START RECORDED INFORMATION
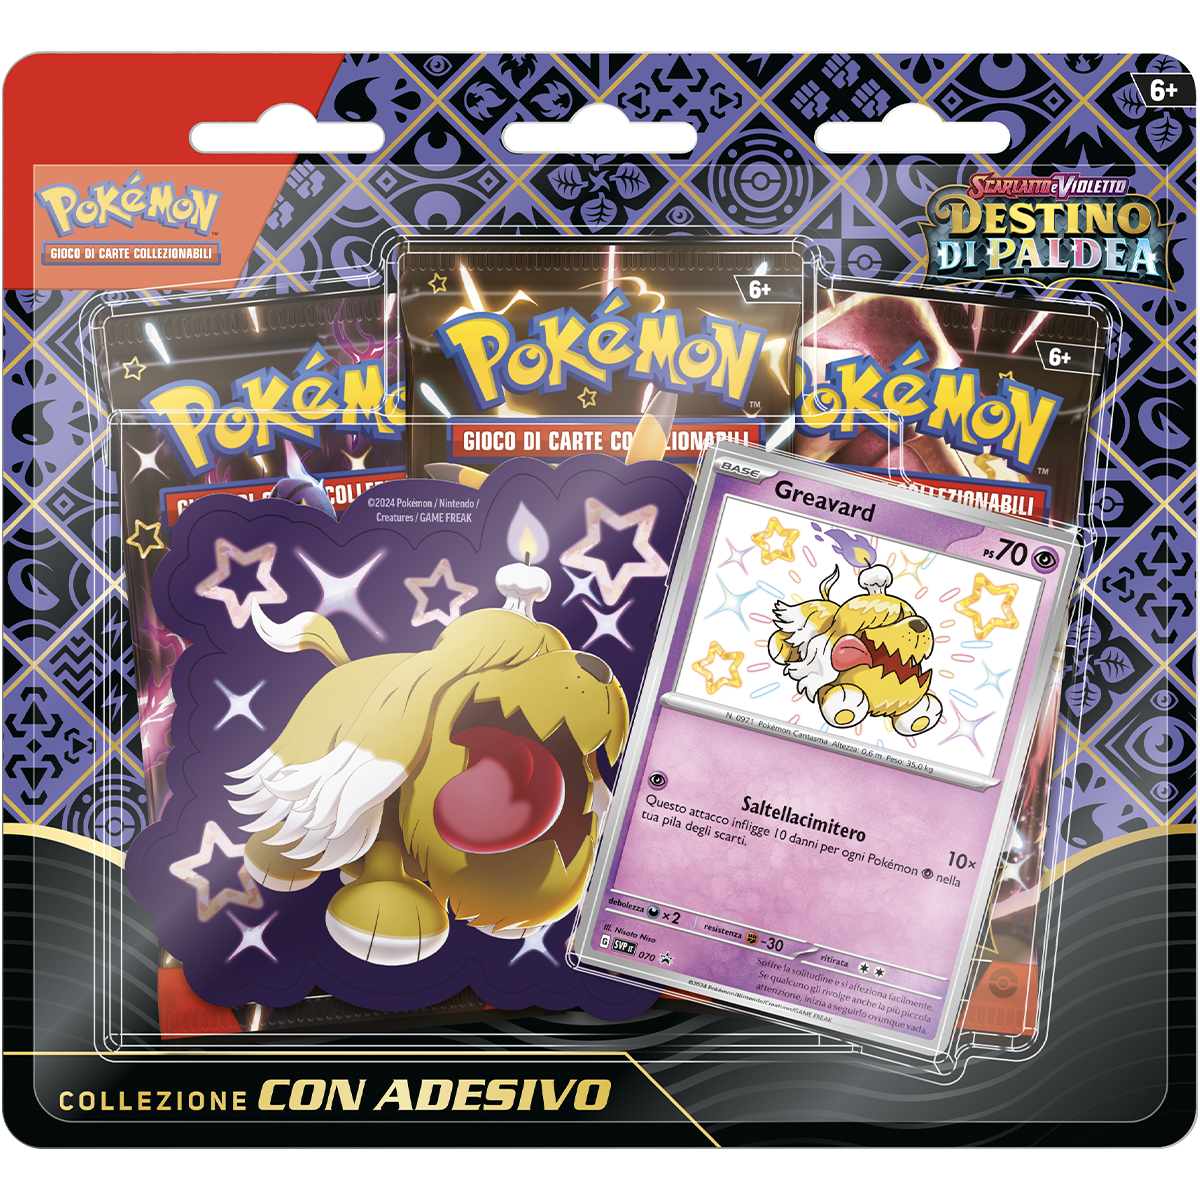 Pokémon destino di paldea collezione con adesivo - POKEMON
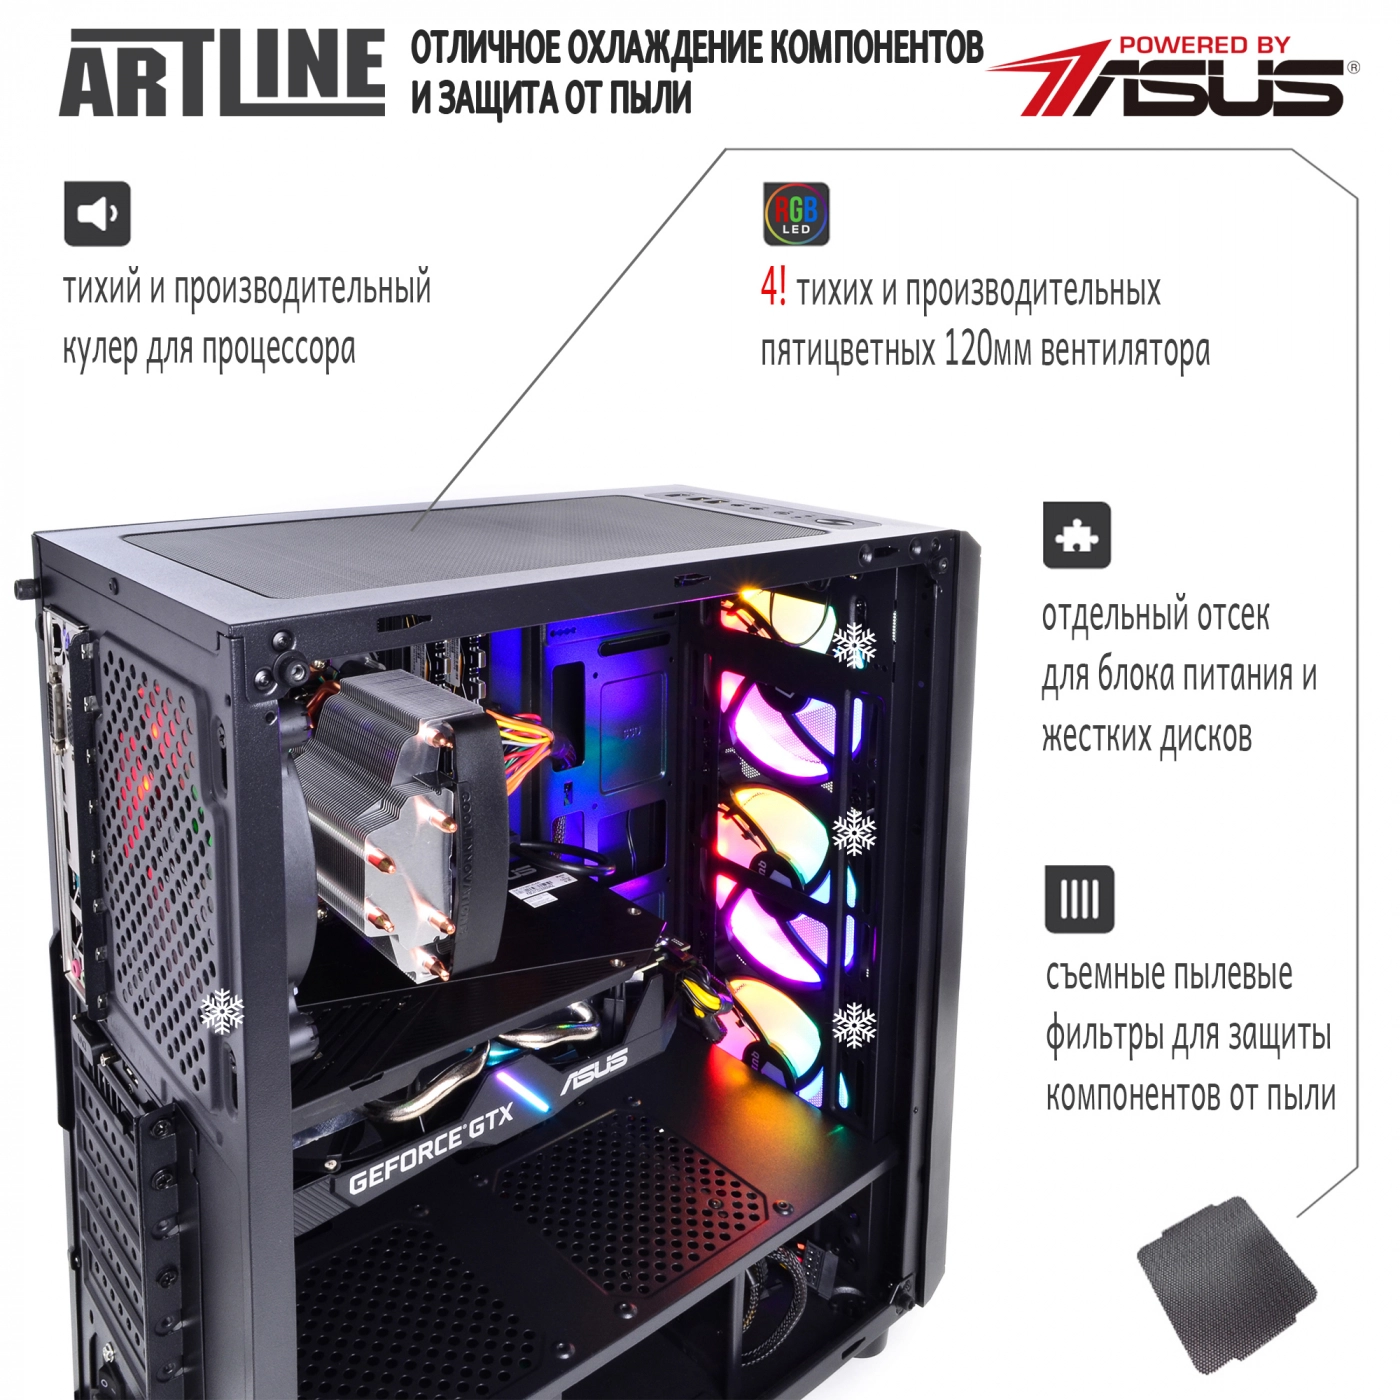 Купить Компьютер ARTLINE Gaming X39v41 - фото 3
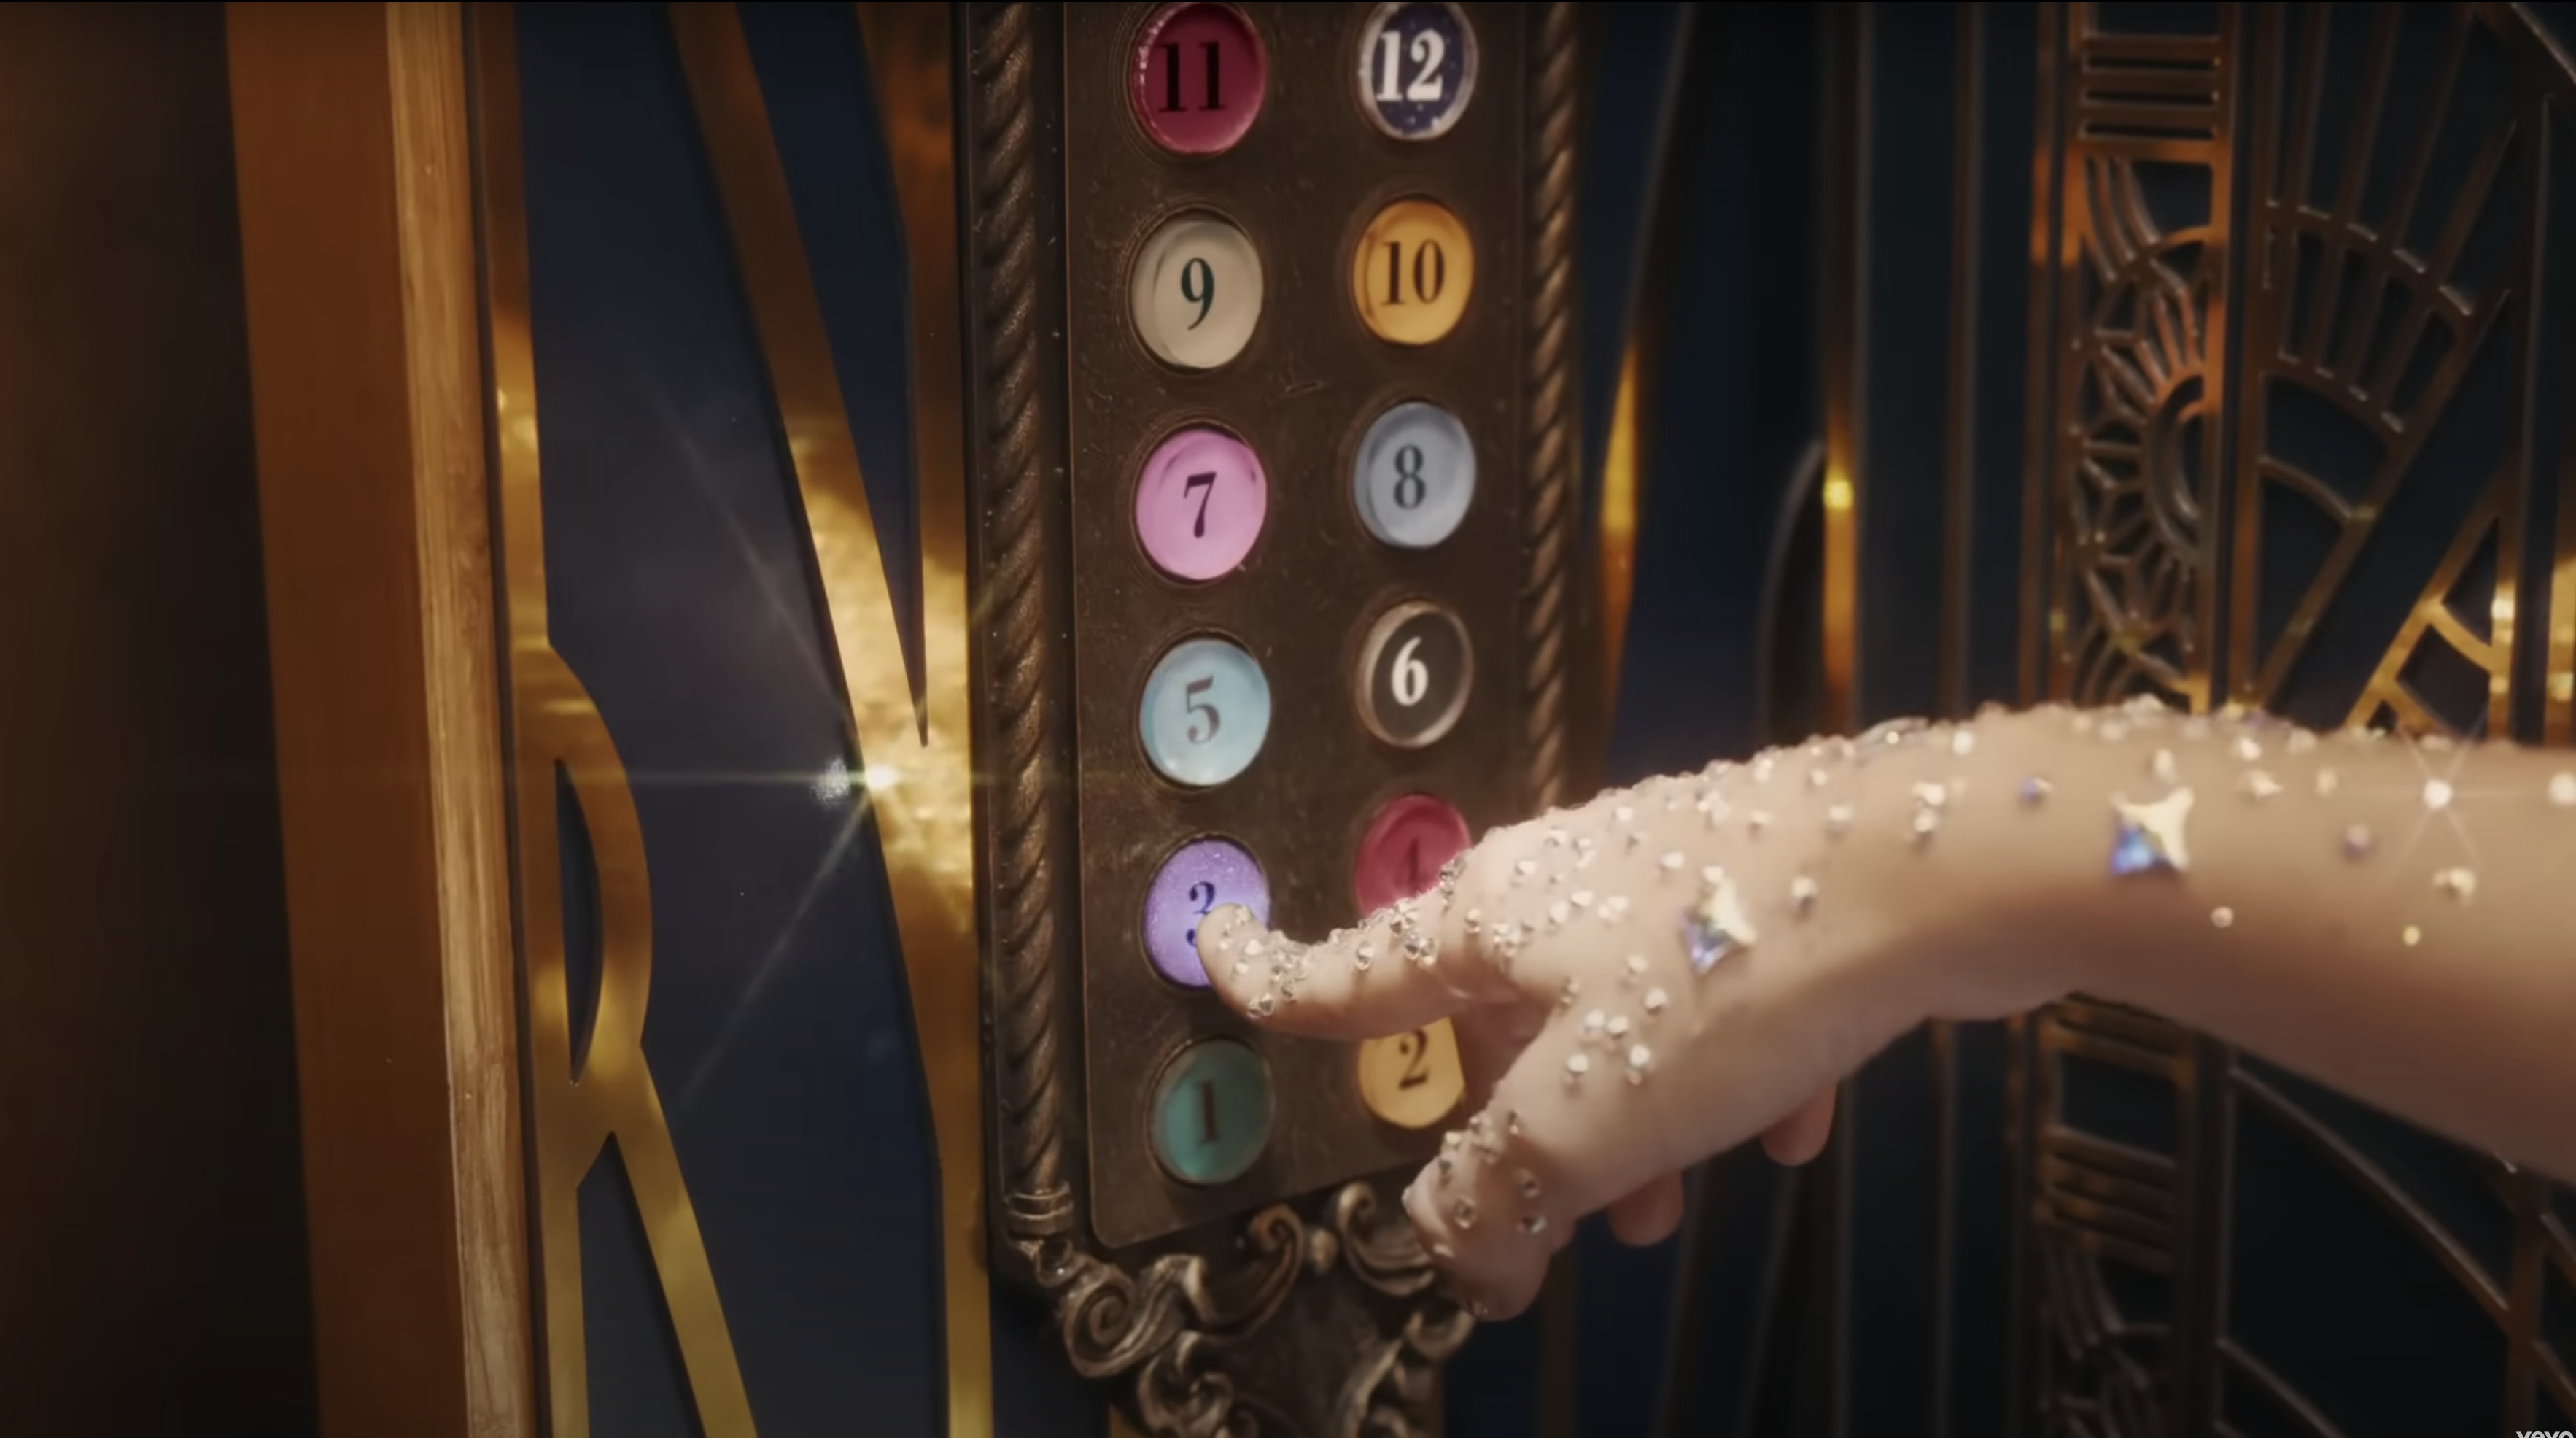 Eine Hand in einem transparenten Gltzerhandschuh drückt auf einen Knopf am Fahrstuhl
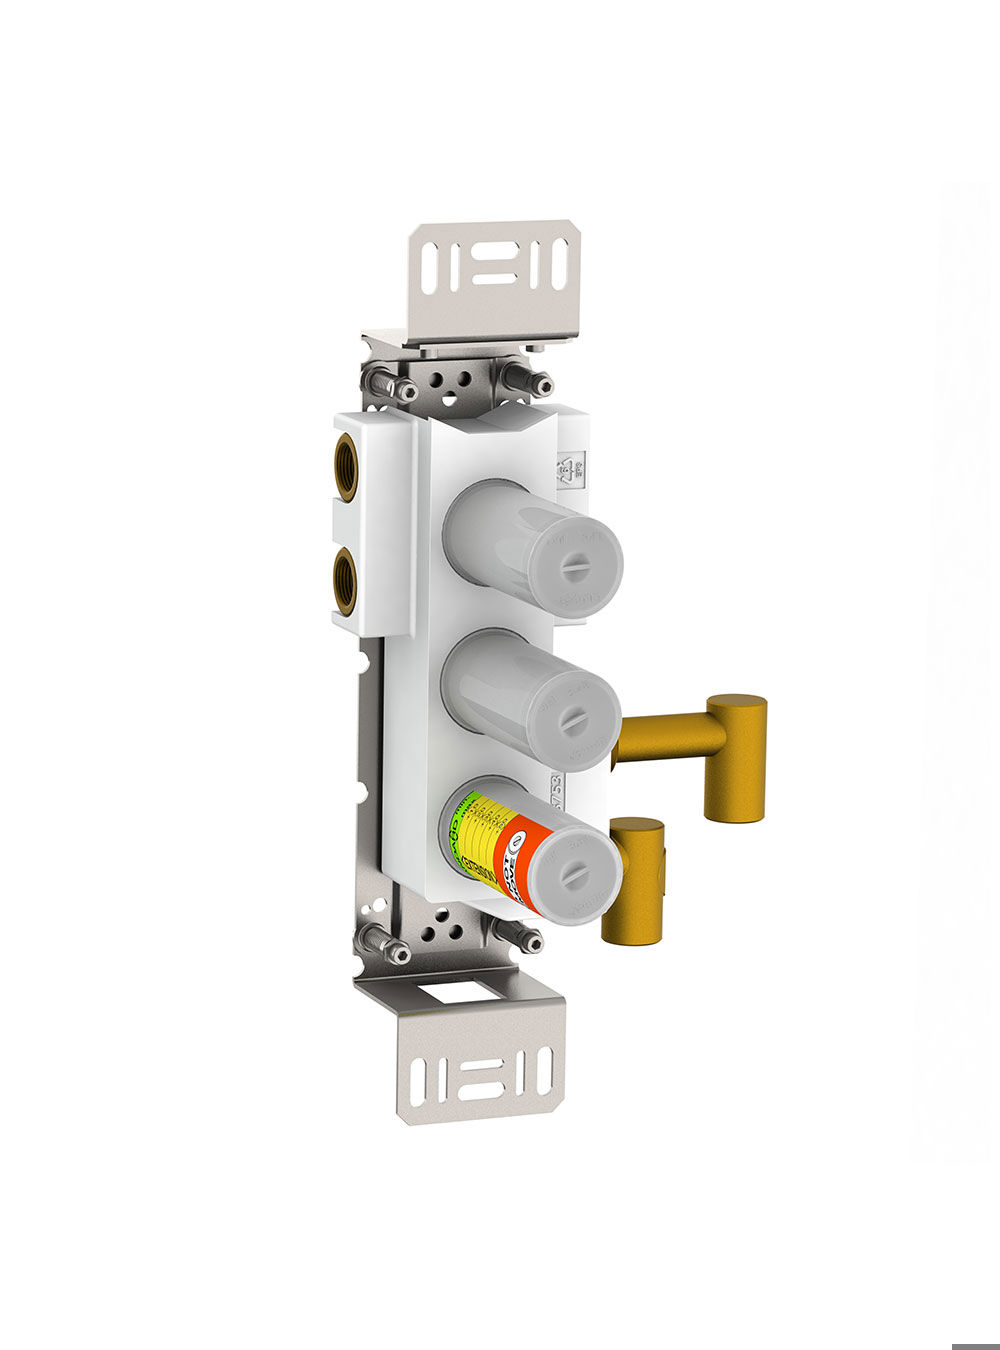 5600VA3: 3-vägs termostatblandare, lodrätt montage.¾" anslutning för CU-, stål- eller pexrör.
END RECORDED INFORMATION
### REQUIRED ACTION
Exactly the lines from the line that contains "Eine Hand in" through the last line above, and no other lines, must be output, with pictures excluded.

### COMPLETED TASK
 Eine Hand in einem transparenten Gltzerhandschuh drückt auf einen Knopf am Fahrstuhl
 5600VA3: 3-vägs termostatblandare, lodrätt montage.¾" anslutning för CU-, stål- eller pexrör.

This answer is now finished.